▶ **Exercise prompt**:
The data must be reproduced verbatim; images are to be omitted.

Stored items
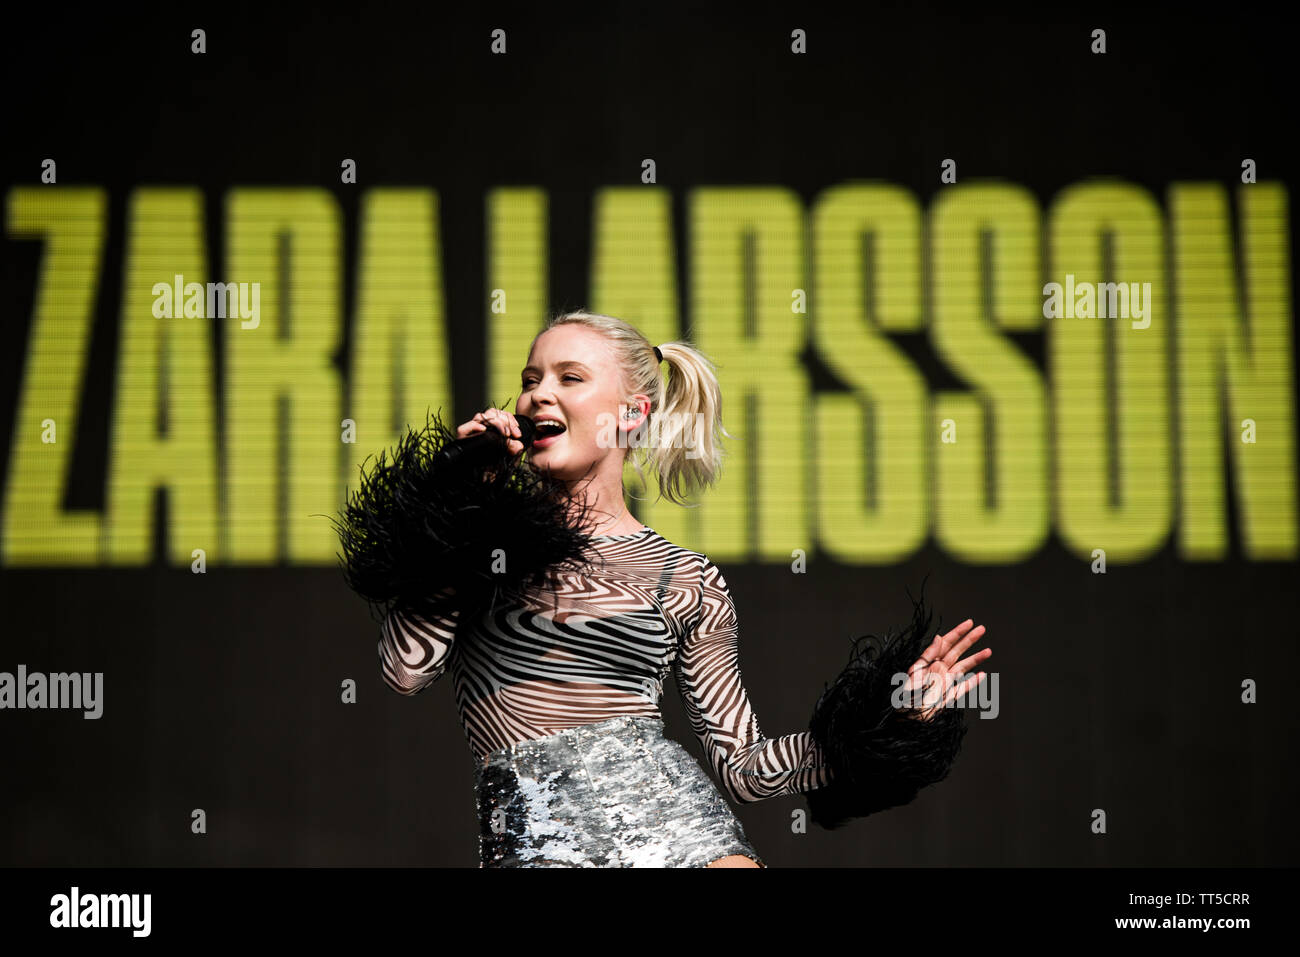 The Swedish singer Zara Larsson performing live on stage at the Firenze Rocks festival 2019 in Florence, Italy, opening for Ed Sheeran Stock Photo
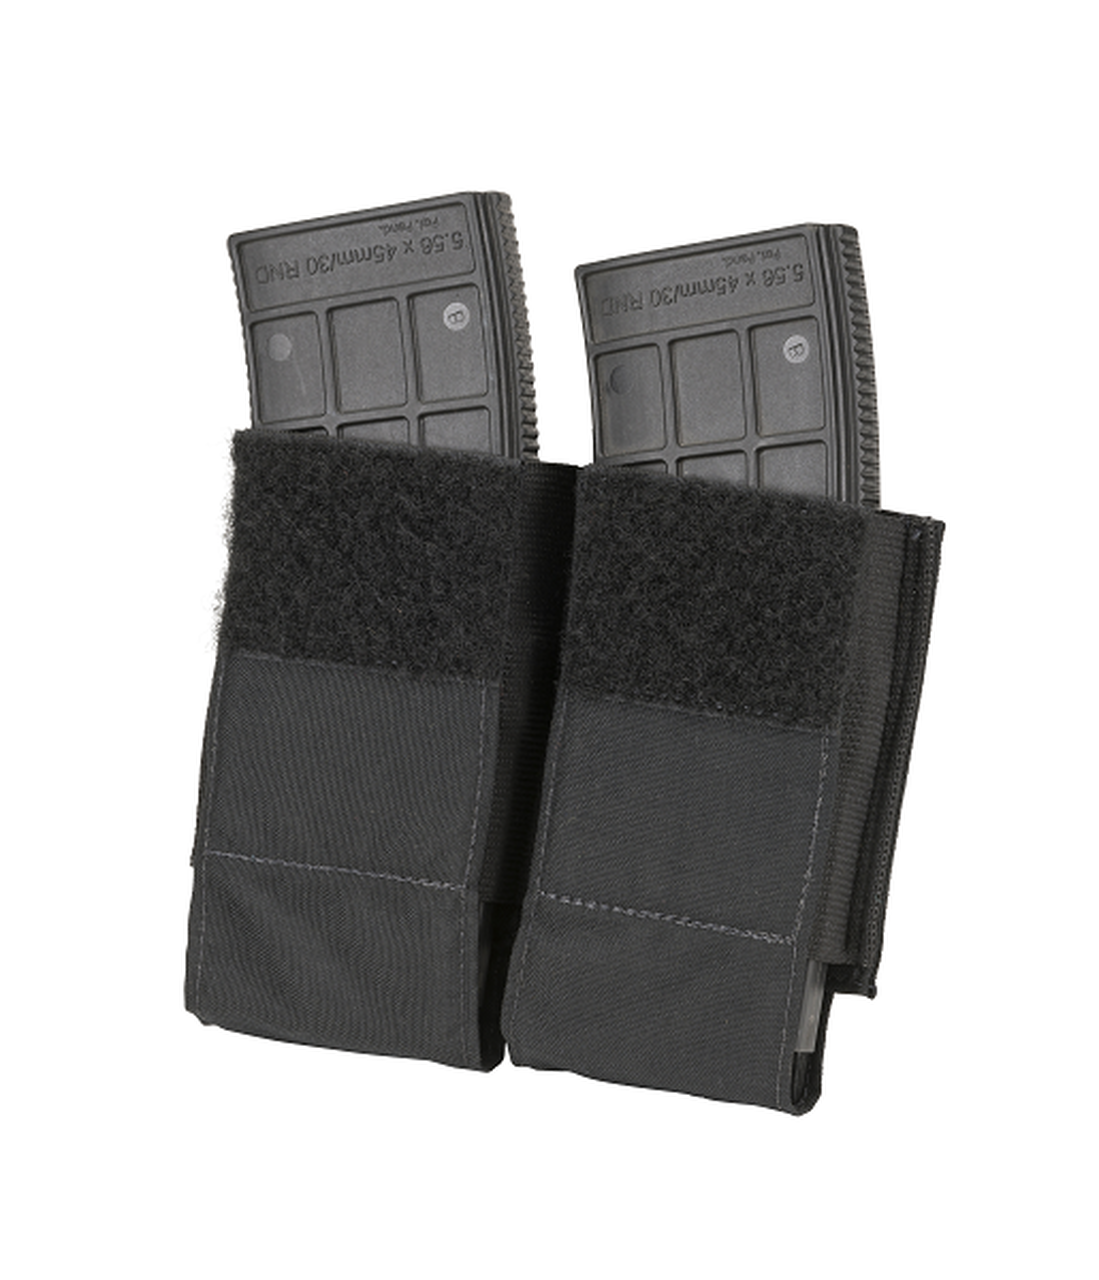 A pair of Shellback Tactical Banshee 2 Mag Kangaroo Pouches on a white background.
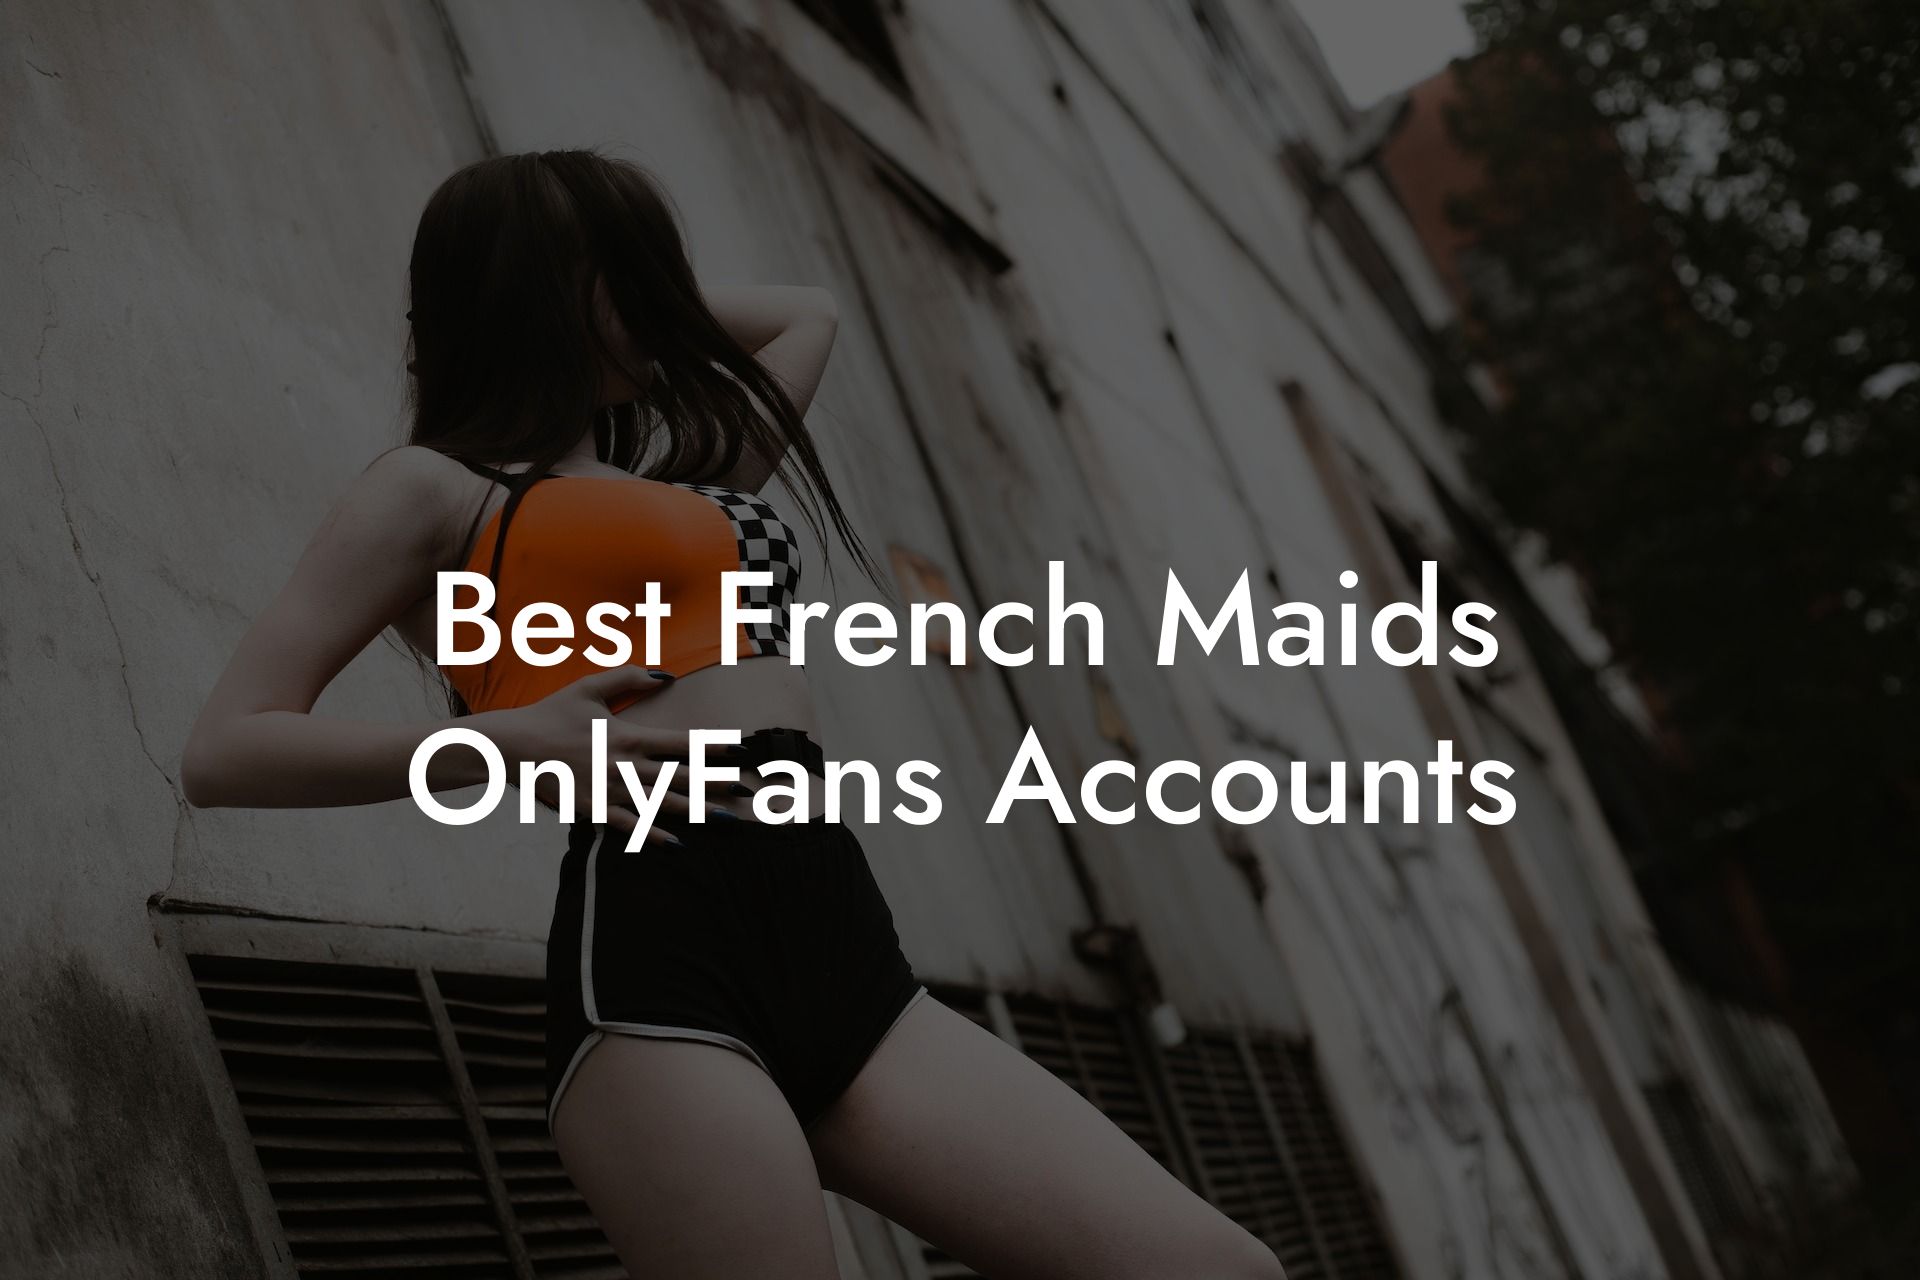 Best French Maids OnlyFans Accounts
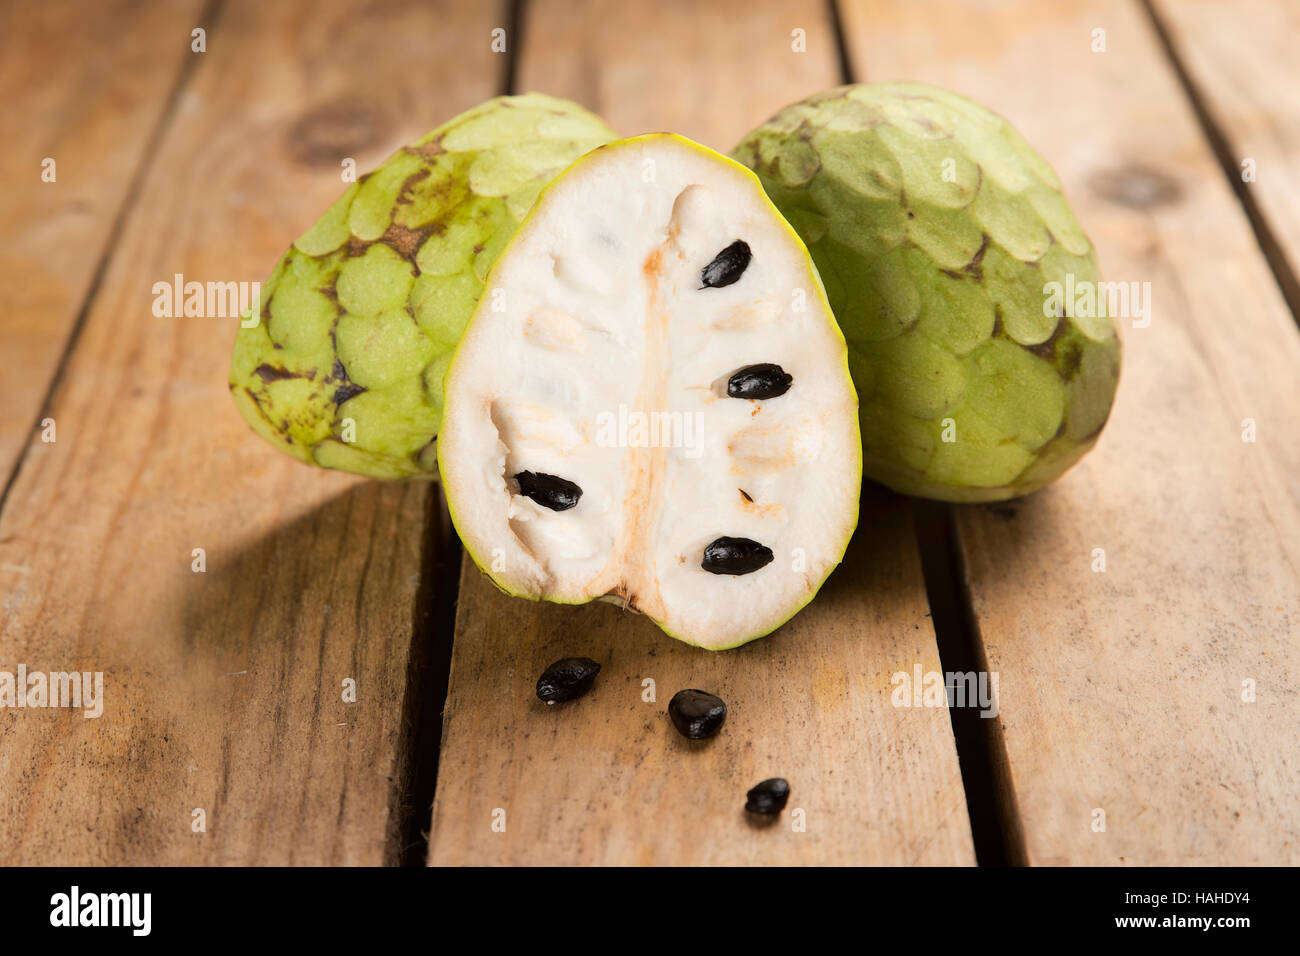 Cherimoya tropical fruit with a sweet flavor and intense Stock Photo
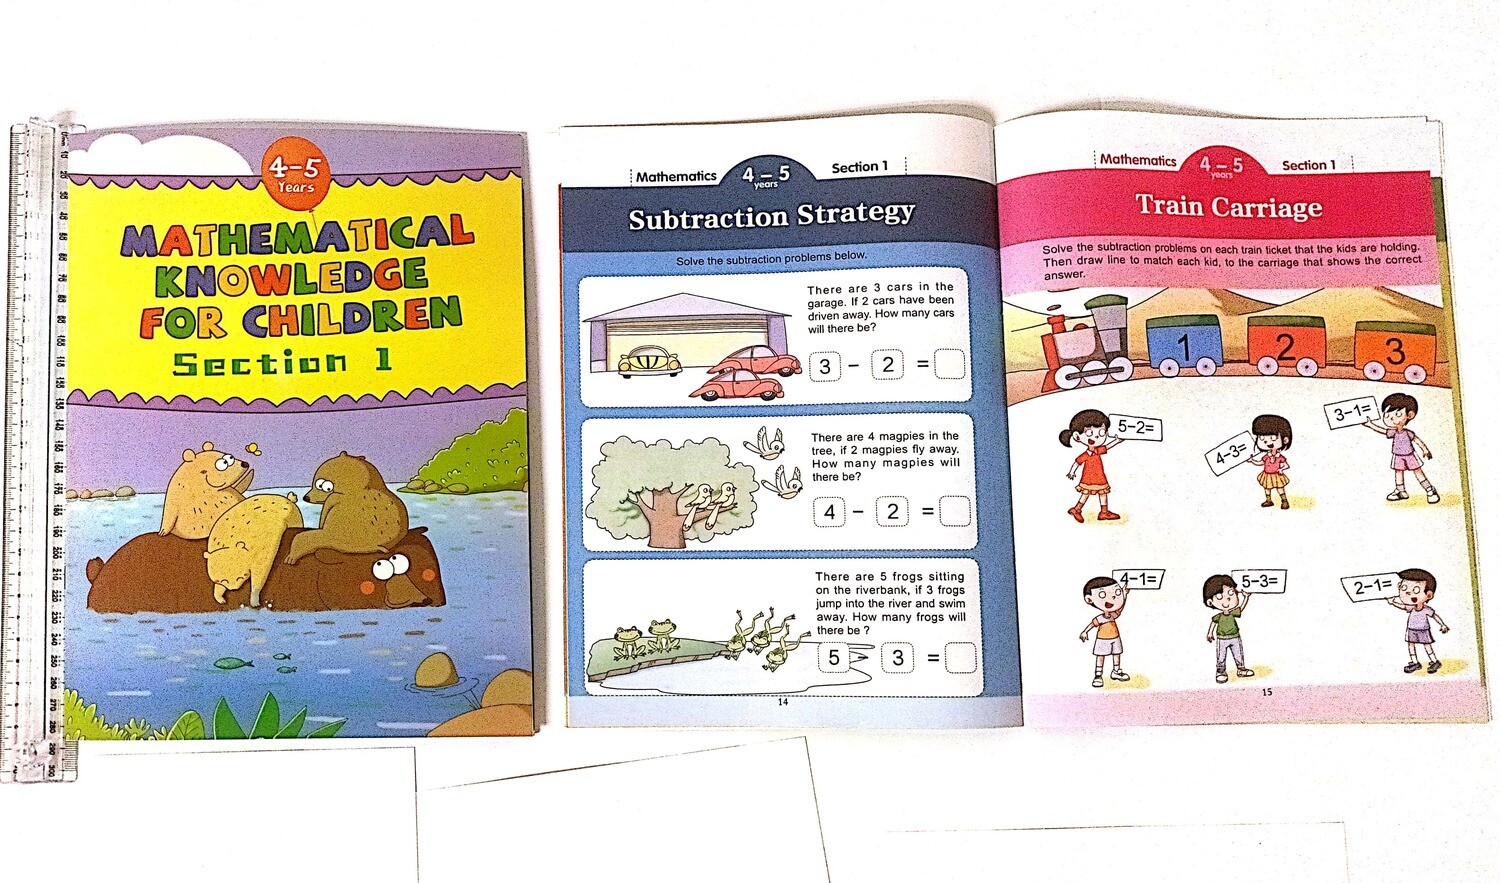 Maths Knowledge Section (1) 4-5 Years

▶ **Finished exercise**:
 The Swedish singer Zara Larsson performing live on stage at the Firenze Rocks festival 2019 in Florence, Italy, opening for Ed Sheeran Stock Photo
 A pair of Shellback Tactical Banshee 2 Mag Kangaroo Pouches on a white background.
 Best French Maids OnlyFans Accounts
 Cherimoya tropical fruit with a sweet flavor and intense Stock Photo
 Maths Knowledge Section (1) 4-5 Years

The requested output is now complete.